Data below:

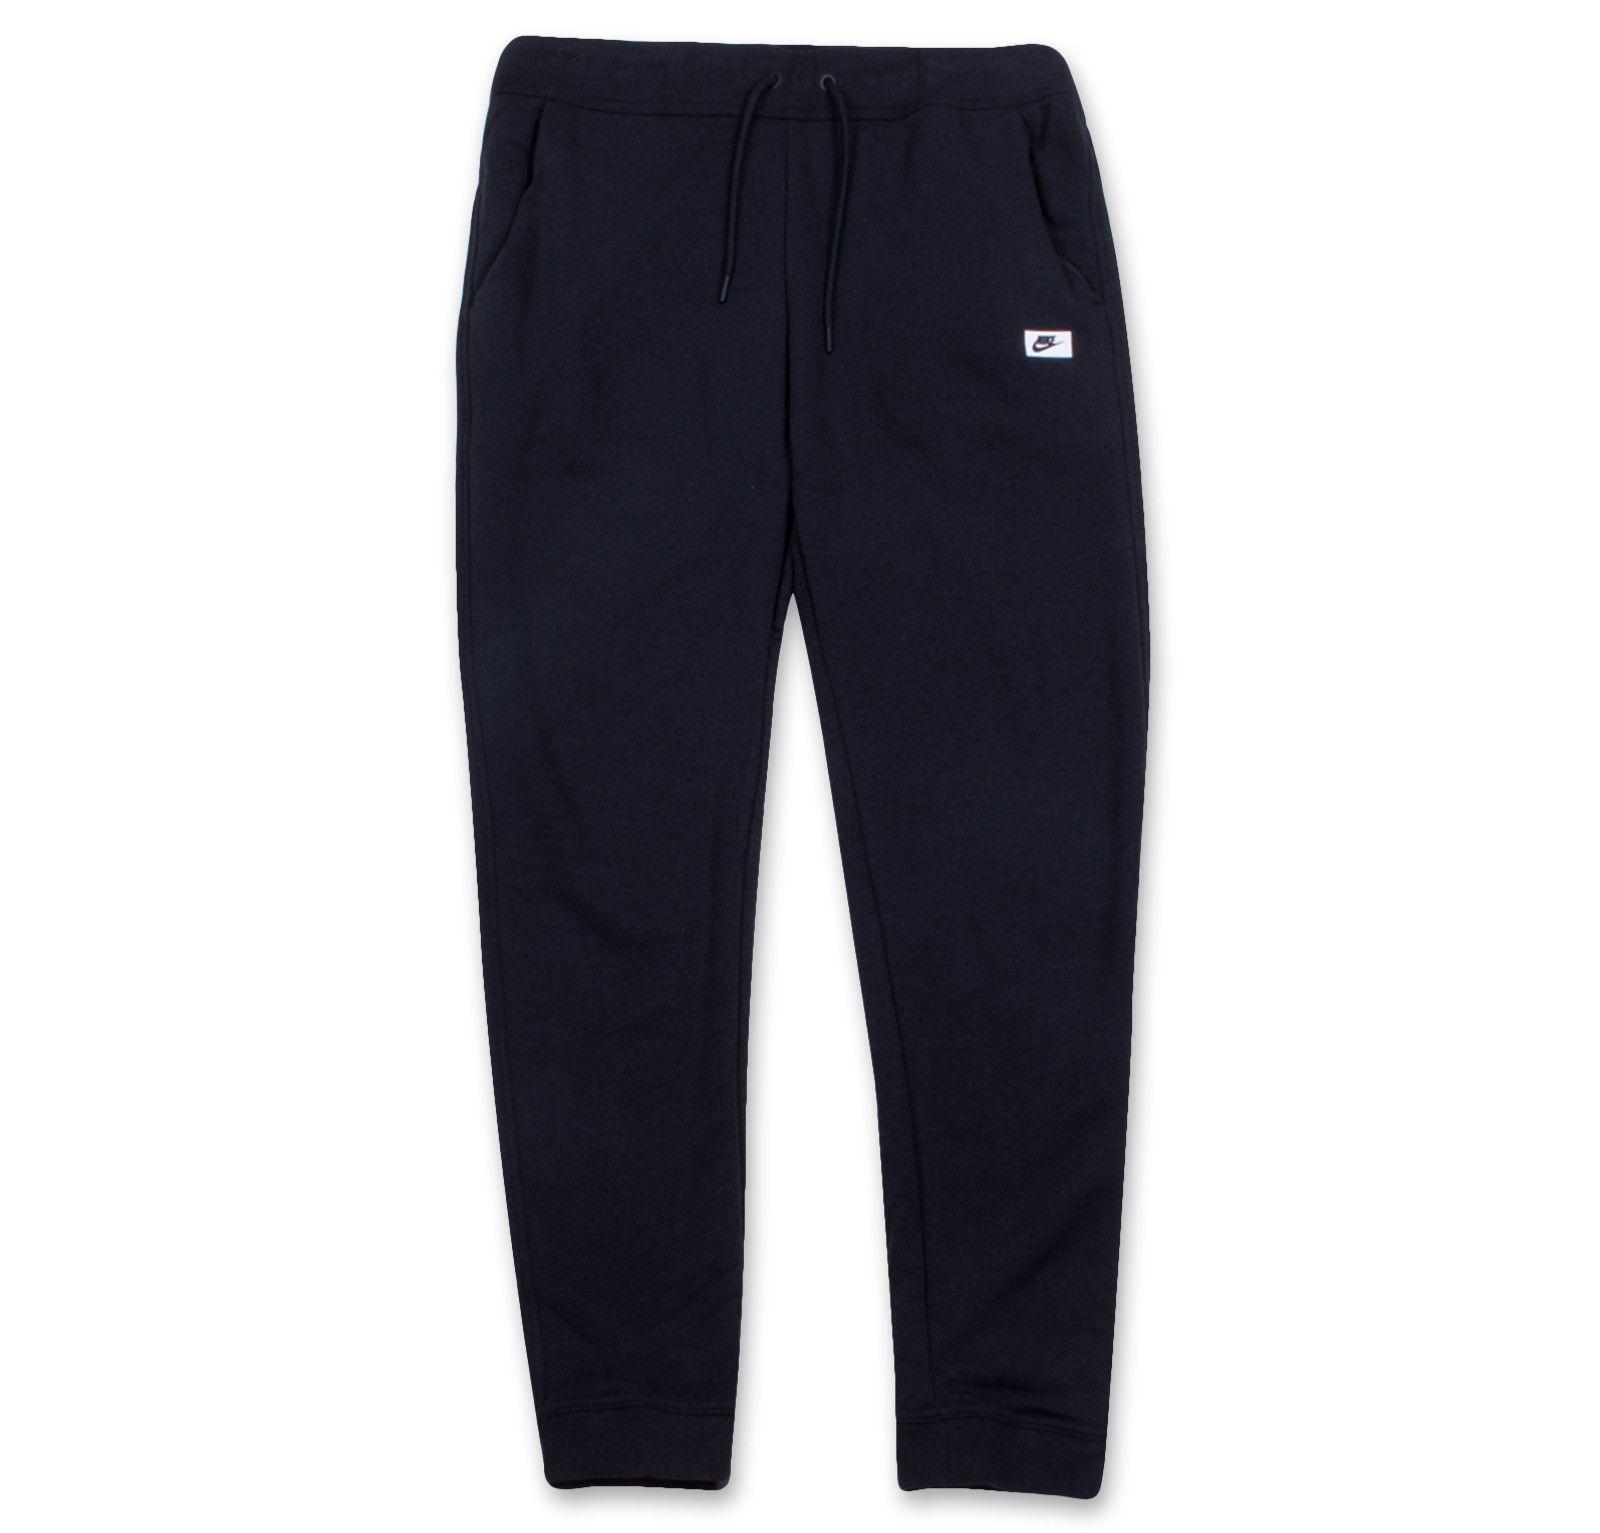 wholesale dealer b2a59 7e464 Nike Womens Sportswear Modern Pants   DTLR.com
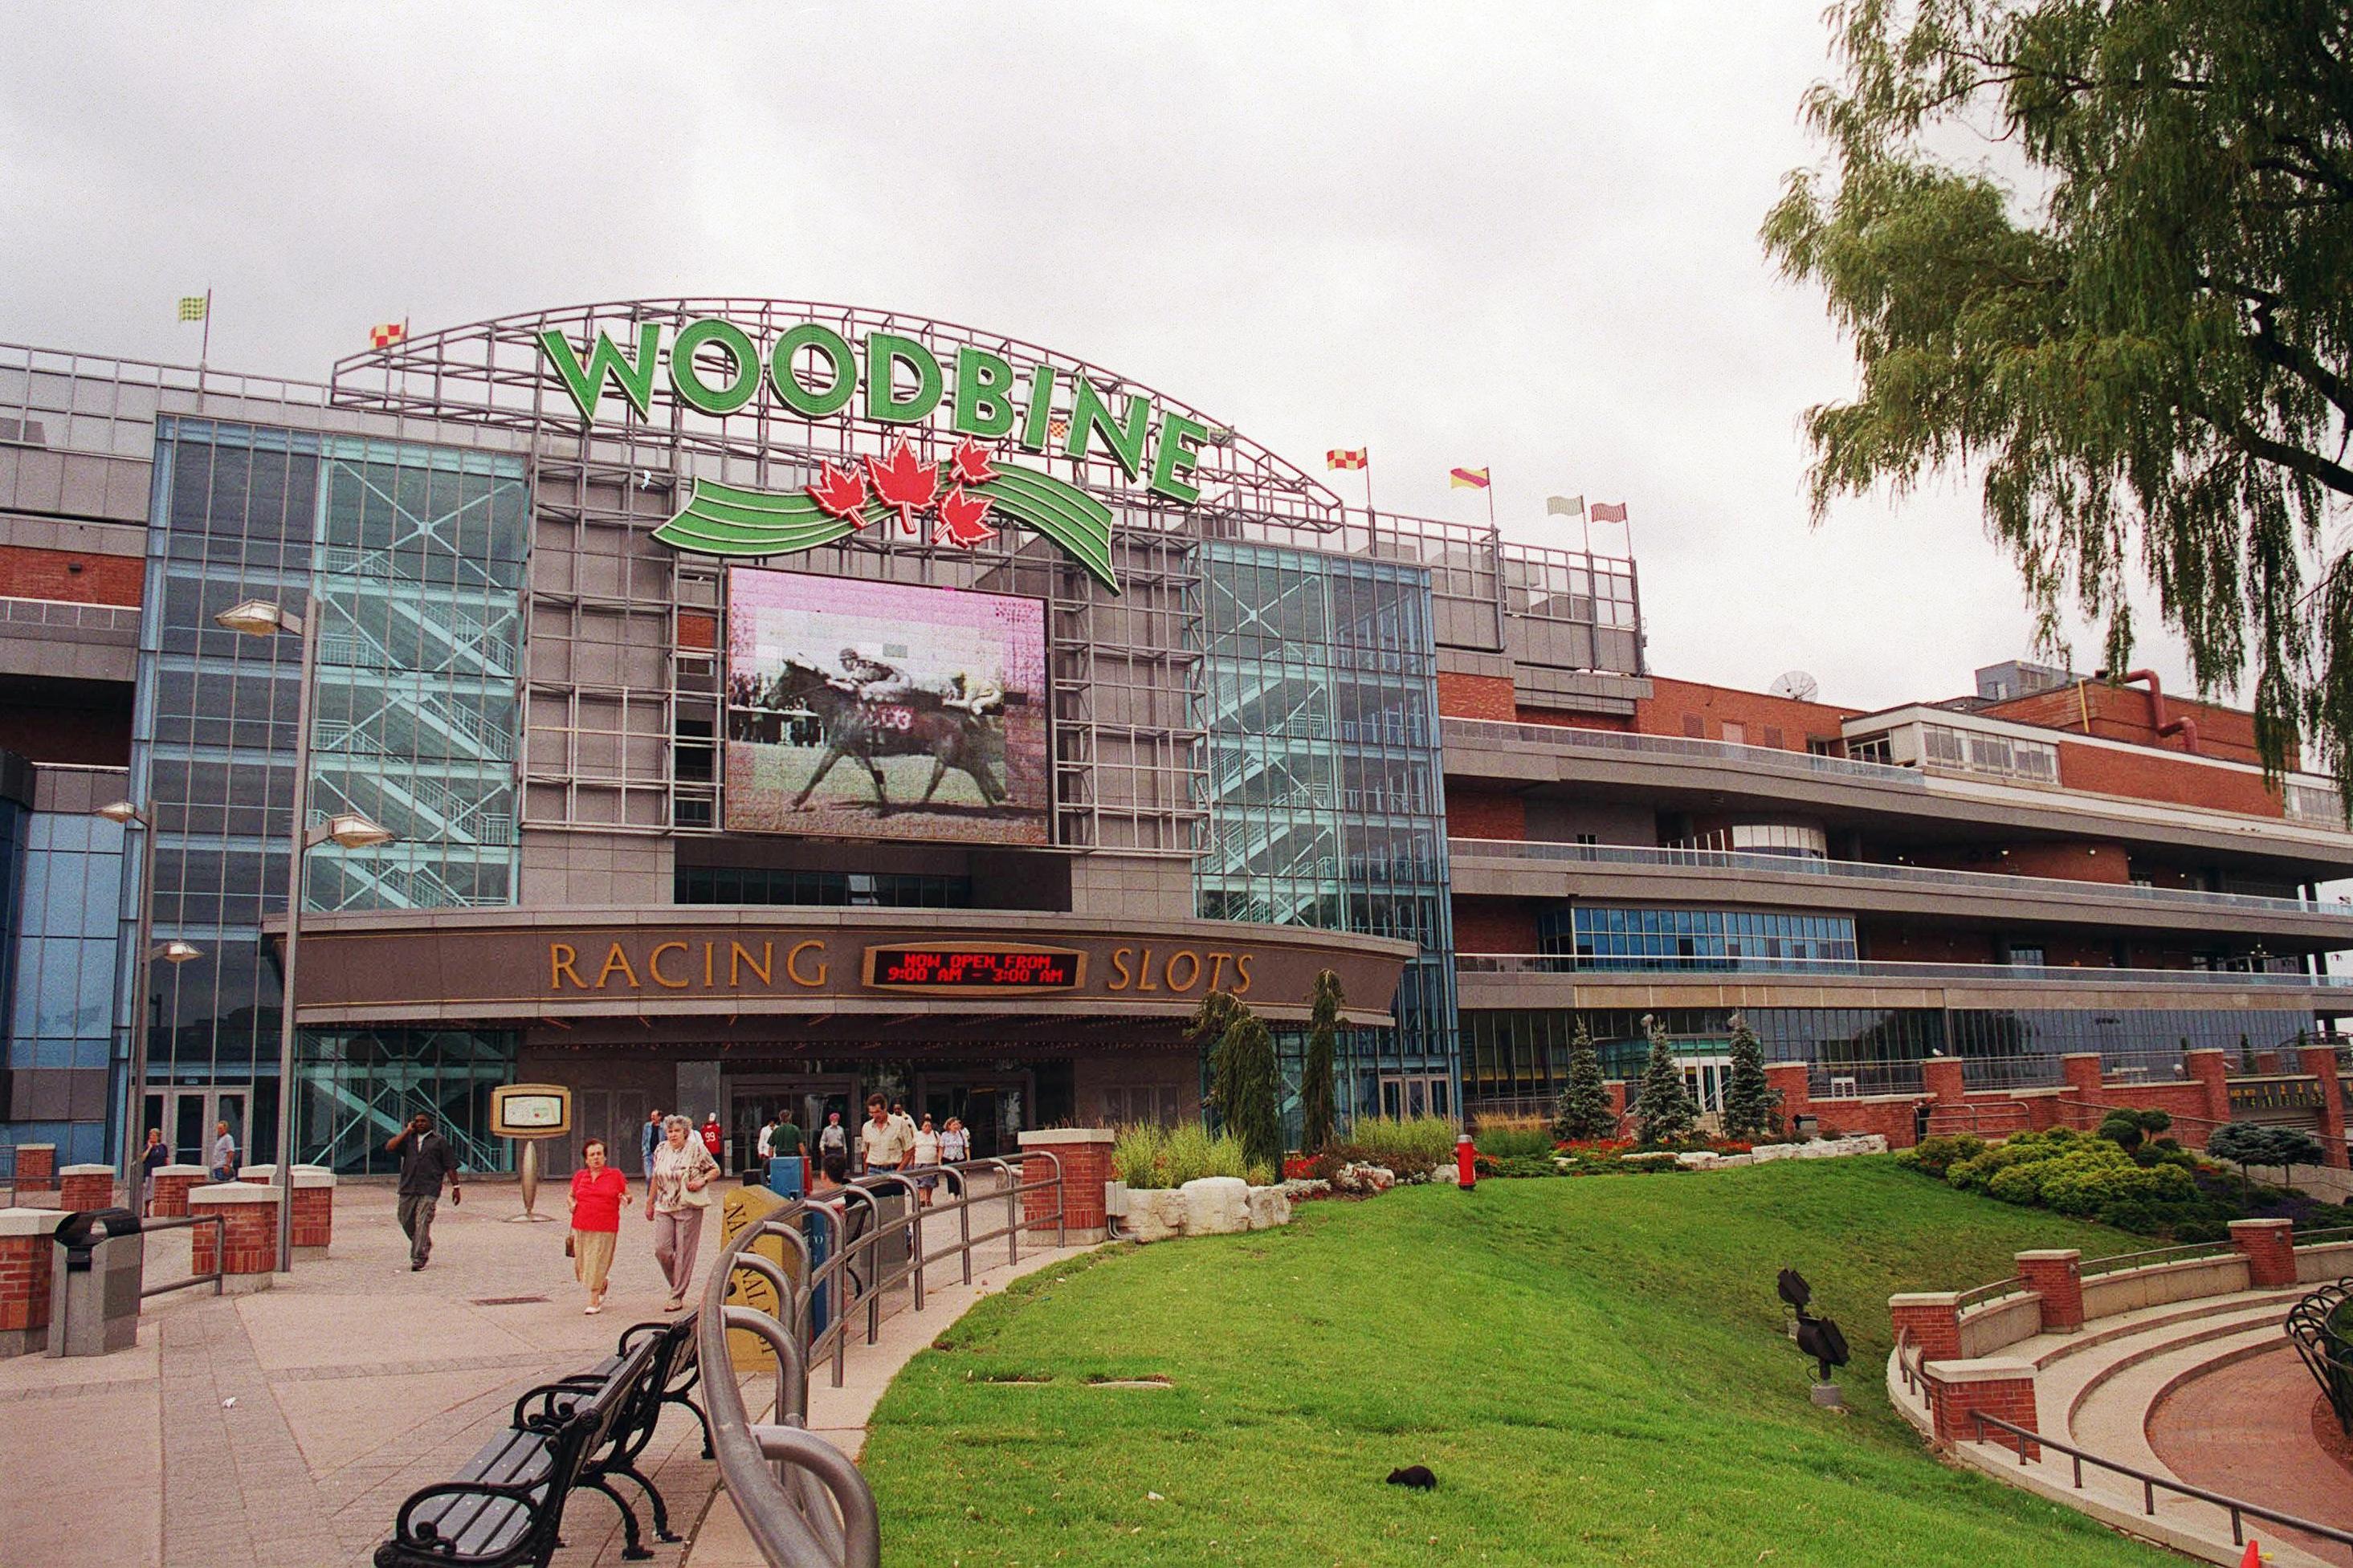 Woodbine casino employment indian reservation gambling new york
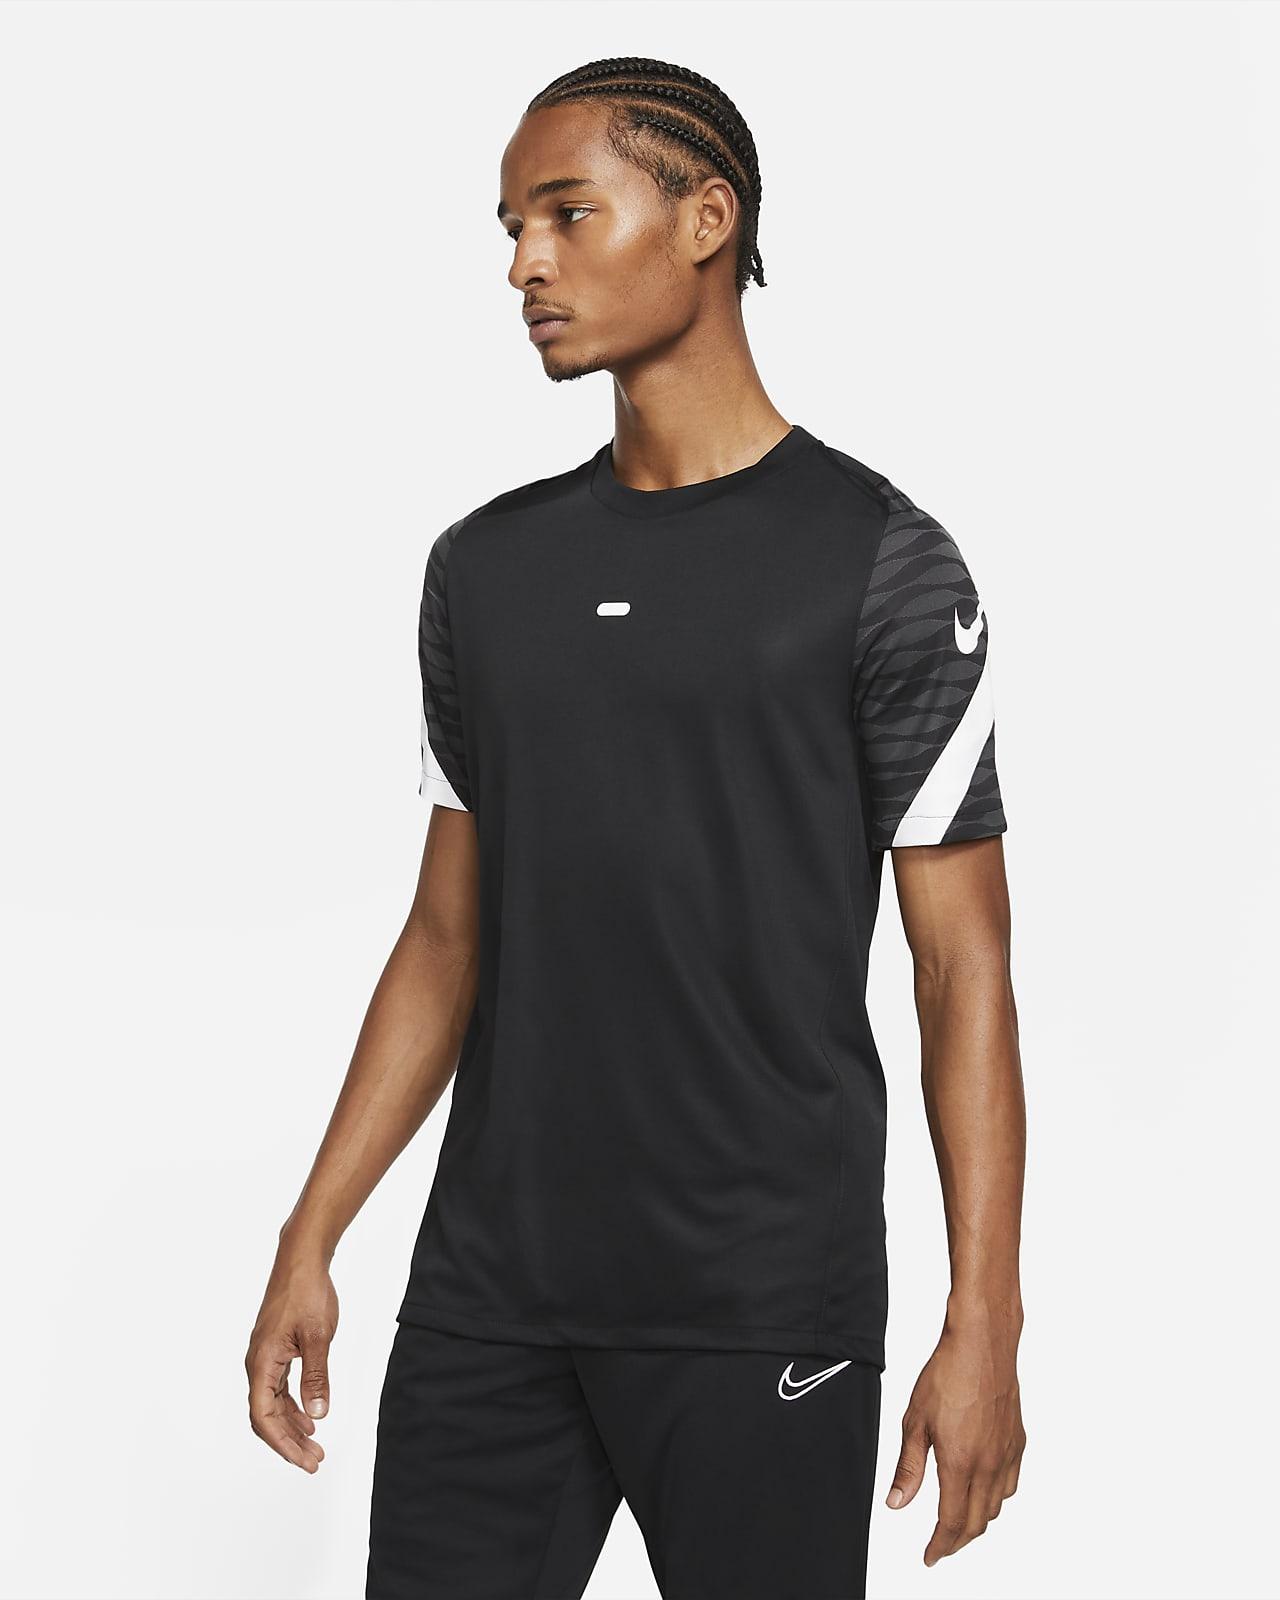 Nike Dri-FIT Strike Men's Short-Sleeve Football Top

What is needed: Everything in the material above is to be reproduced exactly, pictures aside.

Solved problem:
 wholesale dealer b2a59 7e464 Nike Womens Sportswear Modern Pants   DTLR.com
 Woodbine casino employment indian reservation gambling new york
 Nike Dri-FIT Strike Men's Short-Sleeve Football Top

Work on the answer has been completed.